Categories
Narrative Design

Wasteland Detective.

Warning: Fallout 3 main quest spoilers. Do not read if you don’t want spoilers for “Following in His Footsteps” or “Scientific Pursuits”.

Quests in Role Playing Games can feel very similar. Go to an area, talk to a specific NPC, kill some creatures, find an object and return it to an NPC, add these elements together in different combinations and you’ve got a dozen quests differentiated by a layer of contextual coating. Little in the way of thought is required unless the quest is explicitly a puzzle. Even if a quest is ostensibly a detective story solving the mystery is usually a case of going from point A to point B and talking to the required people at each location before moving on, there’s rarely a need to investigate as everything is presented to you. Maybe you might have to find one specific NPC in a given location, but the chances are the moment you talk to them you’ll know you’ve found the right person. Of course in order to get anything from them you’ll probably have to perform a further quest, and it’s back to the same sequence of actions in a different order.

It’s rare to find a quest where you really have to use your brain and work something out, where you have to make that mental connection between two facts or event in order to work out where to go next. There’s very little requirement to use the “little grey cells”.

I can only remember one instance where such action has been required and I believe it was the result of a bug.

fallout-3-10
"You're not my Father!"

Playing Fallout 3, I’d completed the first part of the main quest to try and find my missing father and had been told to head to the Galaxy News Radio building. My first attempt to do so ended in a violent death at the hands of a Super Mutant Behemoth so instead of trying again immediately I set about wandering around the outskirts of Washington DC, ostensibly trying to find a different route to the GNR building but in truth just exploring for its own sake.
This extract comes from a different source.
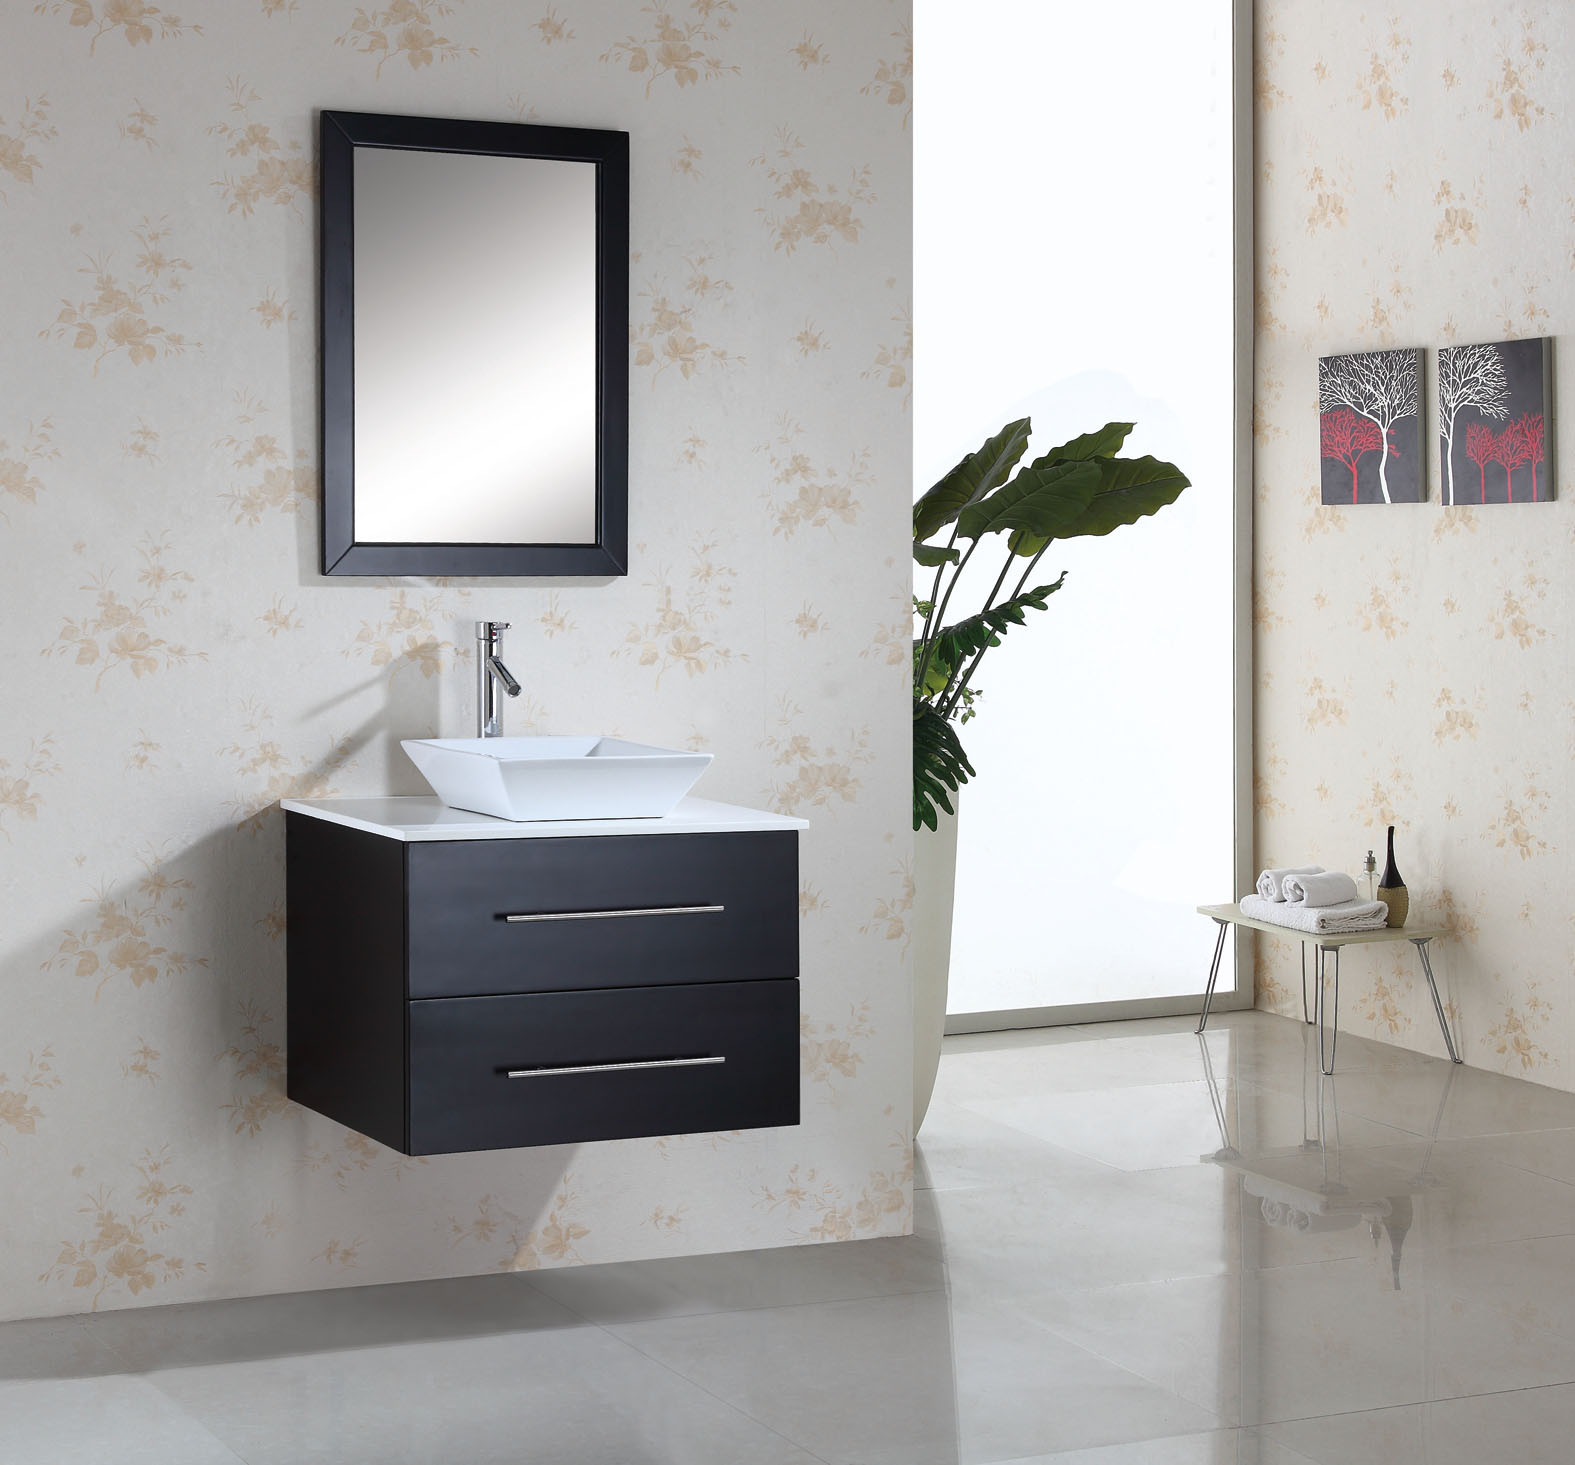 virtu usa marsala (single) inch modern wall mount bathroom  - virtu usa marsala (single) inch modern wall mount bathroom vanity set espresso

After visiting a number of locations along the banks of the Potomac River I came across Rivet City.

Since I was looking for my father, the majority of the dialogue choices with characters include and option to ask if they have seen him. Taking this tact with Harkness the guard at the entrance to Rivet City I was told that I should talk to a Doctor Li. This I did and within moments of starting a conversation with her she recognised me, having known my father. During the subsequent discussion with her she was able to tell me that my dad had been to Rivet City and had left to return to Project Purity. At this point I was presented with a single dialogue choice stating that I had been to Project Purity and not found anything. It felt a little strange to be presented with this as the only option because as far as I knew I had no idea where Project Purity was. Unable to do anything else I selected that option and was told I should return and look for some Holotapes or other clues as to my father’s current whereabouts. I was able to gain a little more information about the purpose of Project Purity but was unable to find out where it was, as the game seemed to think I had already been there.
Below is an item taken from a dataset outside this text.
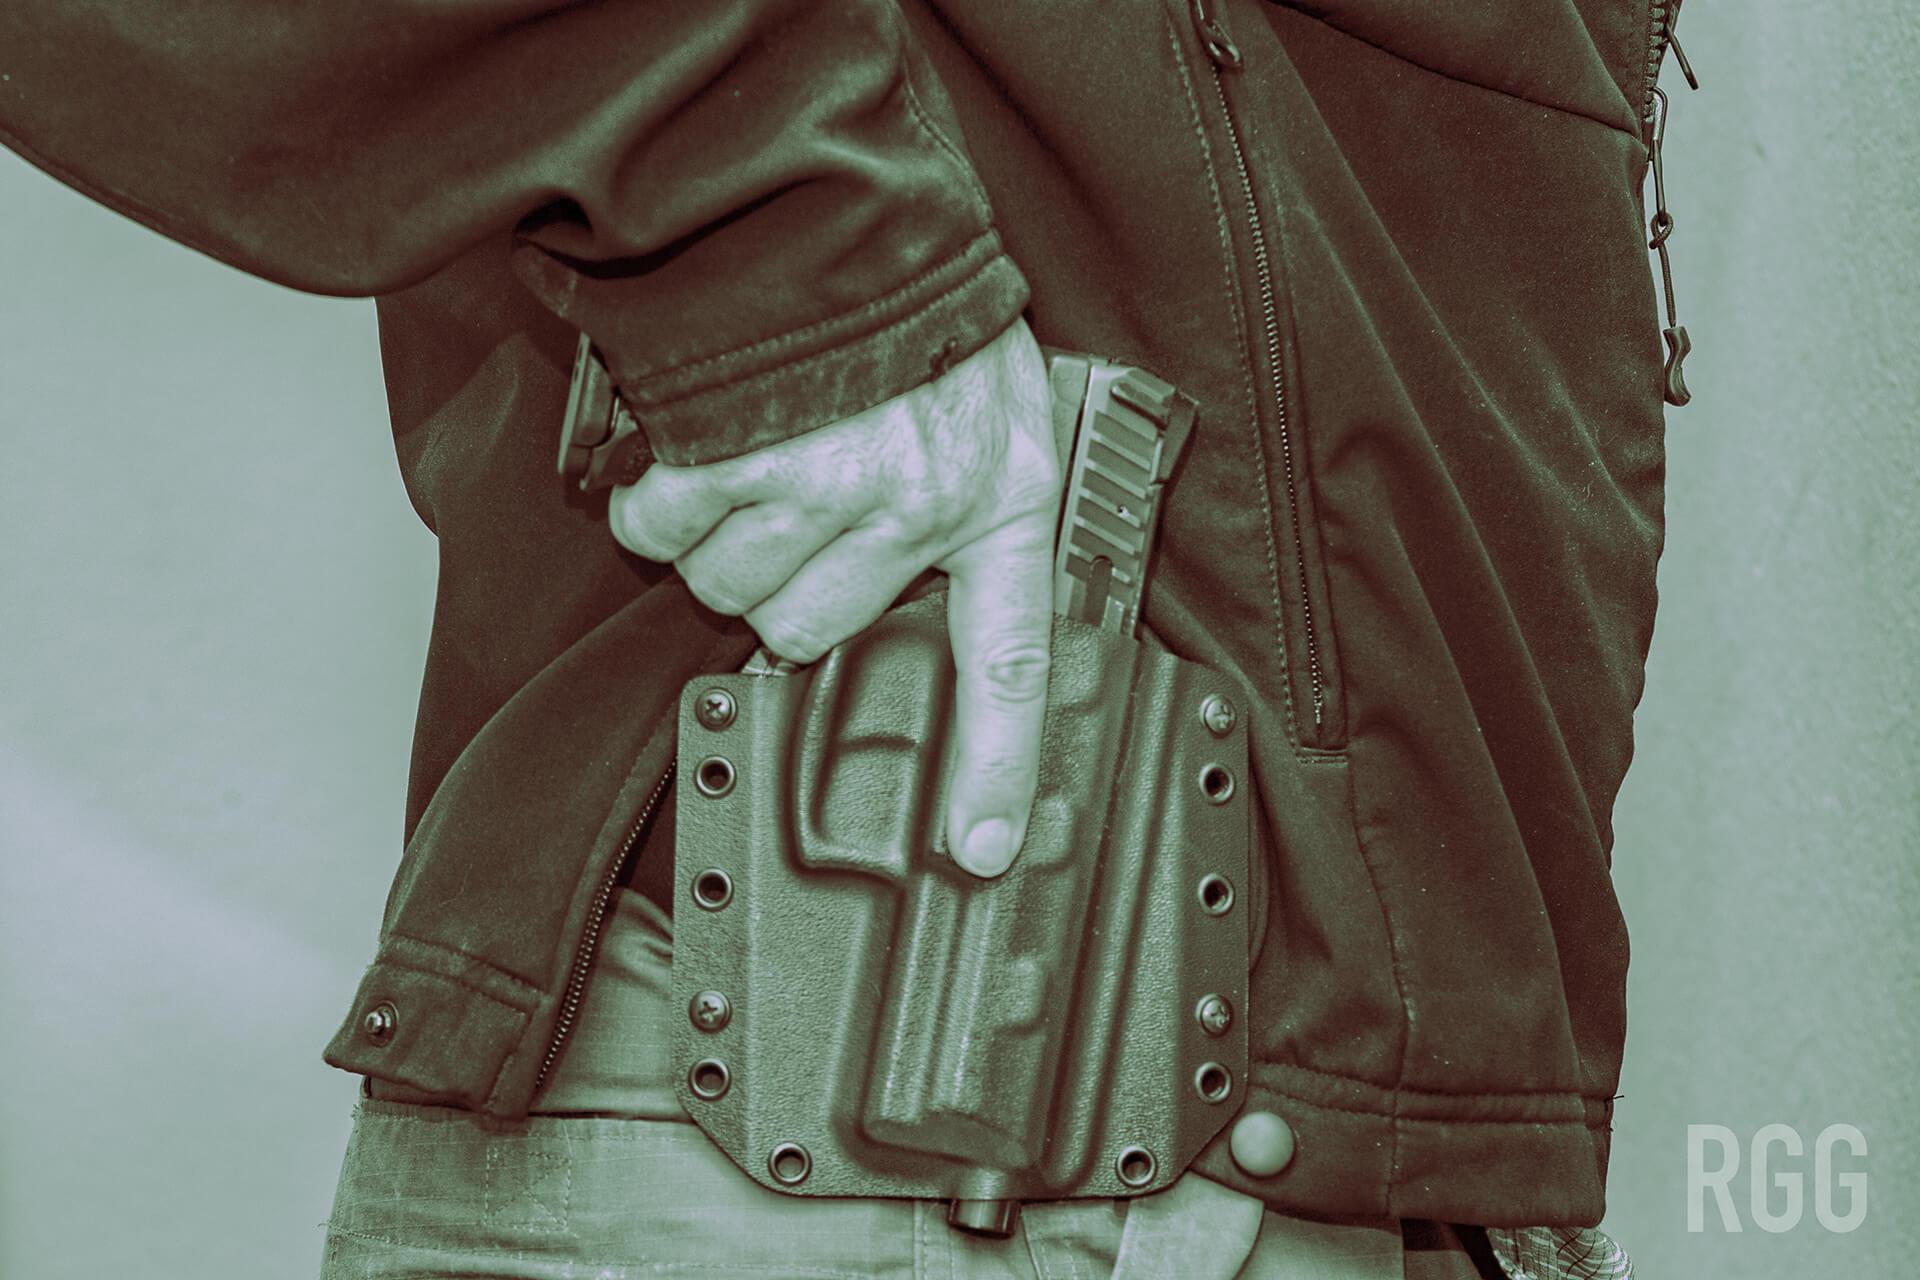 Bravo Concealment's BCA OWB Holster for the H&K VP9

Standing there in Rivet City with the knowledge that I had actually been so close to finding my father and not realised it, and that I would now have to work out where exactly Project Purity might be I felt a growing sense of admiration for Fallout 3. I no longer felt like I was simply following the trail of breadcrumbs set out before me in order to find my father but that I had been fortunately enough to come across an old friend of his, through my own actions not by following a prescribed quest and that now I would have to retrace my steps and try and work out where I’d been that might have housed Project Purity.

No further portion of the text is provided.